Text Embeddings in Practice: Building a Cold-Start Content Recommender
Over the past year, text embeddings have become central to my work on improving recommender systems. Text embeddings tutorials cover theory well, but production deployment raises unanswered questions about model selection, storage architecture, and validation.
This article brings together what I learned during that process, and I will walk through a realistic use case—building a related content system for a video streaming platform—and show the practical choices you will face: selecting models, choosing storage, validating results, and deploying something stakeholders can actually test.
First, the fundamentals of text embedding.
Text Embeddings: Core Concepts and Historical Context
What Are Text Embeddings?
A text embedding is a vector, formally, it is a representation of a piece of text as a vector in a multidimensional latent space. Like any vector, the embedded text is represented by a direction and a magnitude, positioning texts with similar meaning or characteristics closer to each other. Word2Vec demonstrates this through vector arithmetic: the vectors for King - Man + Woman approximate Queen, illustrating learned semantic relationships by an embedding (mapped to geometric operations).

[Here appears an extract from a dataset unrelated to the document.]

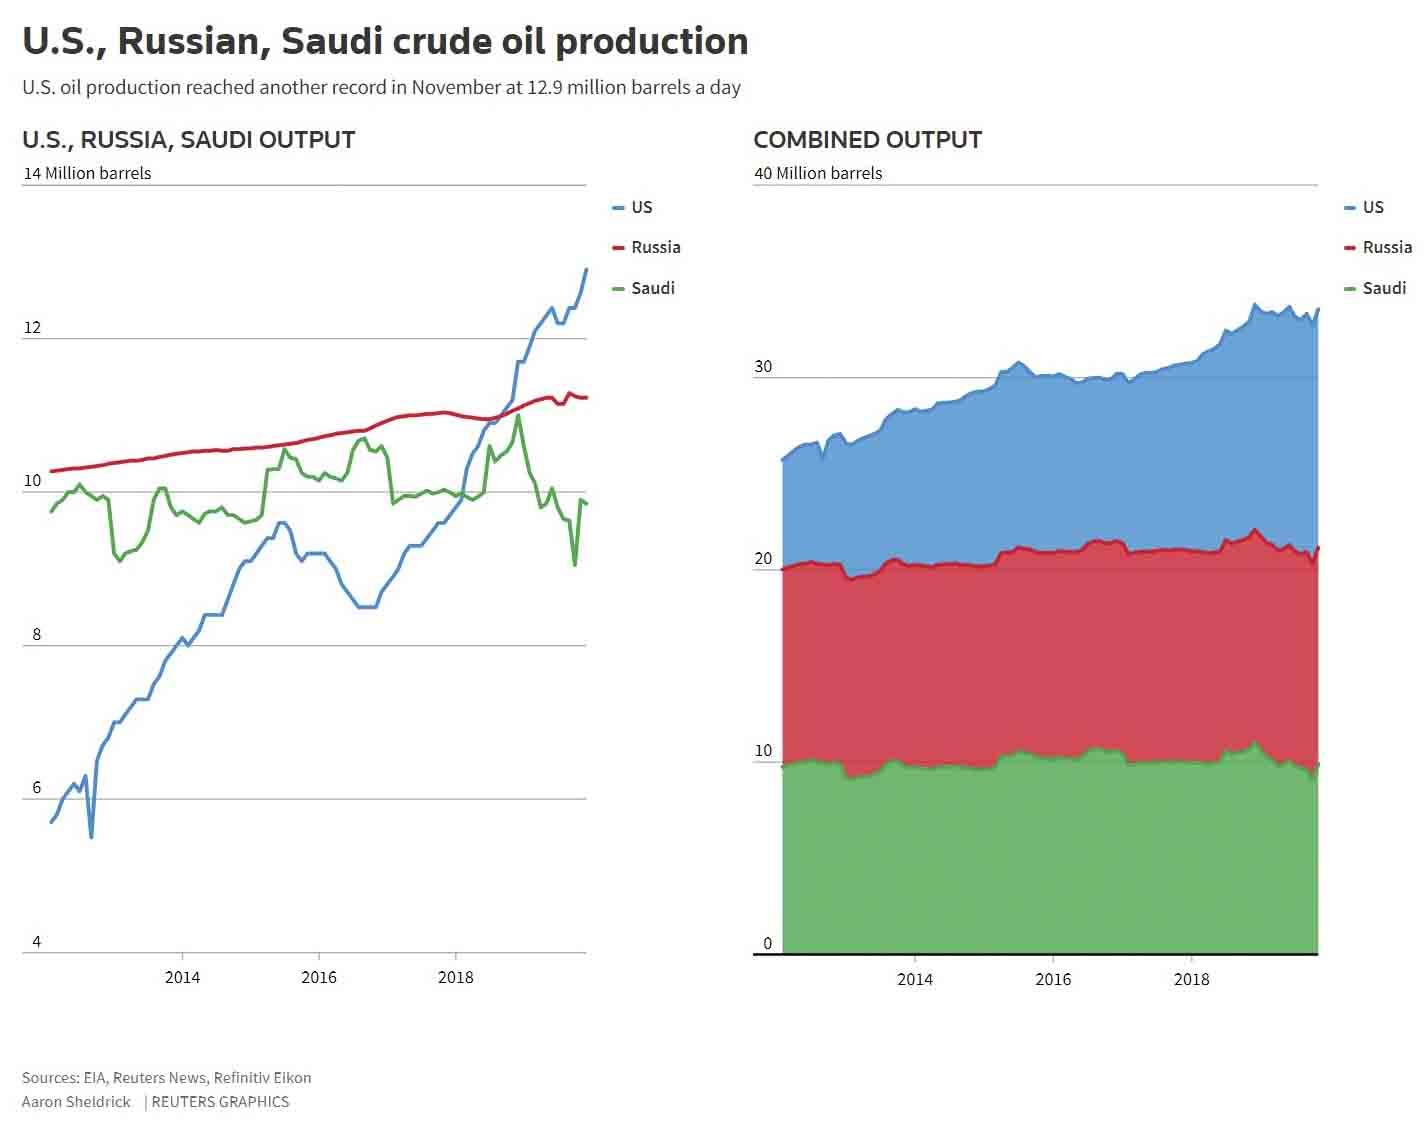 U.S., Russian and Saudi crude oil production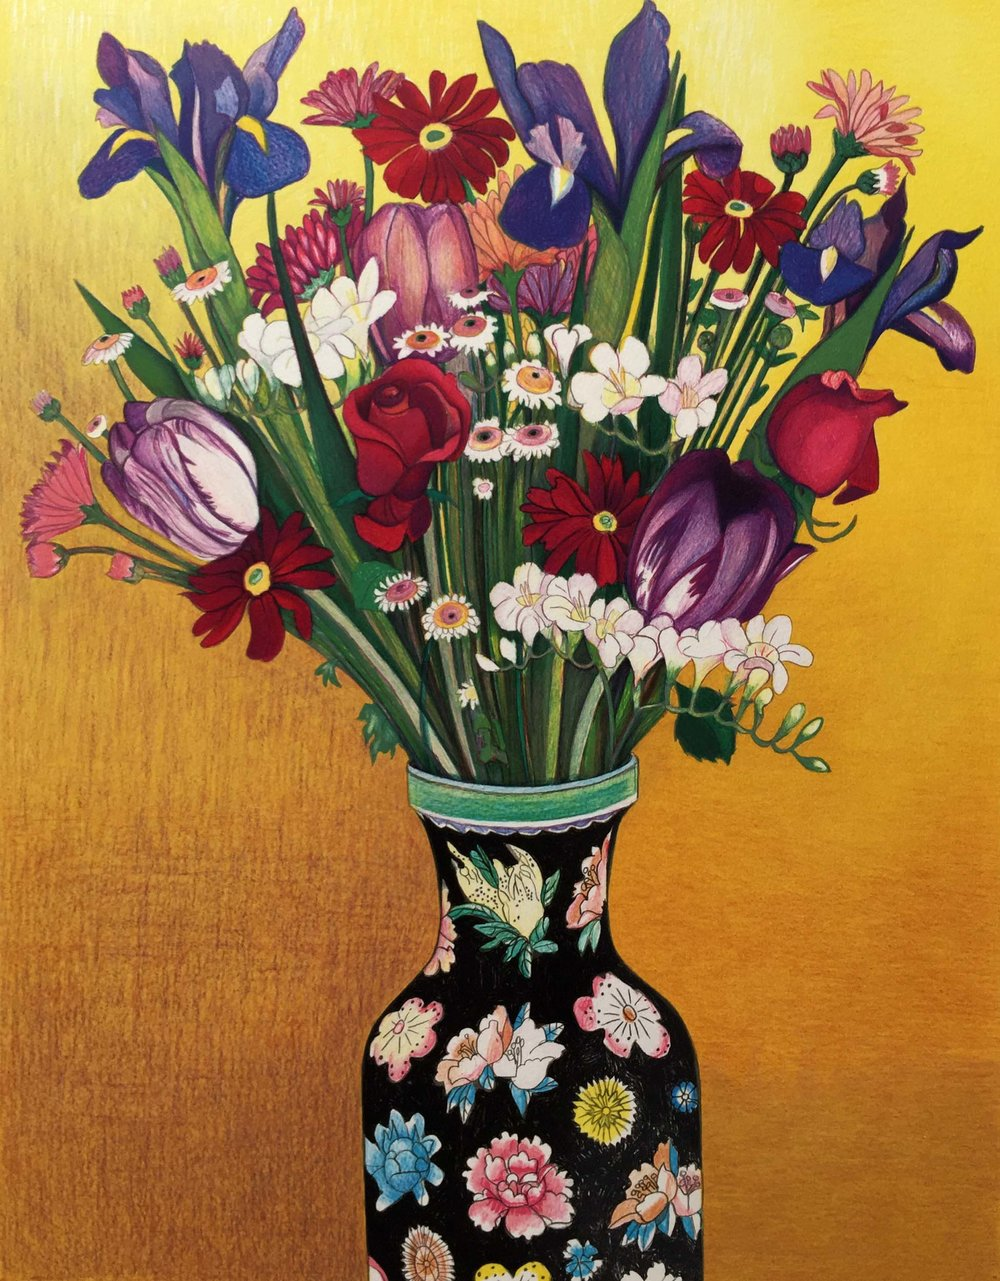 Flowers, Flowered Vase

Evolution of Embedding Methods
To create representations that capture text features, there are multiple approaches that followed the evolution of computing power. These approaches can analyze a single word, a sentence, or a full document. Each approach merits detailed exploration; here I provide a grouping for understanding their evolution and trade-offs:
- Count-based methods (1950–2010s): These methods represent words or documents as high-dimensional sparse vectors based on word counts or co-occurrence statistics.
- Keywords: Bag of words, TF-IDF, Latent Semantic analysis
- Predictive embeddings (early 2010s): Emerged with the resurgence of neural networks, learning dense vector representations that predict words from context.
- Contextual embeddings (late 2010s): Producing representations that vary depending on the surrounding text.
- Document embeddings (2020s): A new evolution of predictive embeddings, designed to represent entire documents rather than individual words.
- Keywords: Sentence-BERT, E5, GTE
Text-to-Embedding Pipeline
Despite their differences, all embedding approaches follow a common pipeline to transform text into vector representations and is composed of the following steps:
- Text normalization: Normalizing the text standardizes input before embedding.
- Keywords: Lowercasing, dropping punctuation, stemming
- Tokenization: Machines cannot really understand raw text as is, so it must first be segmented into smaller units called tokens that models can process. Text can be tokenised at different levels like character, subword or complete word that offer a different level of encoding (and information)
- Keywords: word/subword-level, Byte Pair Encoding (BPE), Wordpiece
- Vocabulary indexing: For each embedding model, there is an associated vocabulary that maps every possible known token to a tokenID. Applied to the full text it will become a sequence of tokenID.
- Keywords: lookup indexing
- Vectorization & weighting: This step transforms discrete token IDs into numerical vectors. It maps each token to a feature representation, derived from statistical frequency or learned parameters based on the model and refines these values to capture the token’s semantic importance relative to the text or the entire dataset.
- Keywords: static embedding, lookup table
- Encoding & aggregation: Aggregate token-level representations into a final vector that represents the text
- Keywords: mean/max pooling, CLS token
The exact pipeline varies by approach. Count-based methods like TF-IDF require
explicit text cleaning and normalization, while modern transformer-based models
handle case sensitivity and punctuation internally.
With embedding generation covered, let’s talk about our real use case.
Cold-Start Content Discovery
For this use case, I will play the role of a data scientist who is part of the personalization and discoverability team of a video streaming service called Netprimey+. The team is working on new features for the platform, and one of the stakeholders in charge of the product page reached out with the following request:
“Hey, we need to redesign the related items section on a content page. Right now, if the content has historical data, the system shows the closest items based on embeddings from the collaborative filtering pipeline. If there is no historical data, it shows the most popular content from the last hour. We want something that does not rely on historical data and can link content to other content based on general information like cast, crew, and content details when a new item is available on the platform.”
This is a valid request, and we already have a lot of information for each content on the platform. Among all this data, there is a product description in English created when an item is added. This description contains most of the information mentioned by the stakeholder, so let’s experiment with it.
Currently, we have a catalog of more than 200k contents/items on the platform. Here are some example contents:
- Asterix and Obelix, the Big Fight: French animated limited series on Netflix
- Superman: the 2025 movie by James Gunn
These are two contents with different formats and from different countries. Below is an illustration of their associated descriptions in the system.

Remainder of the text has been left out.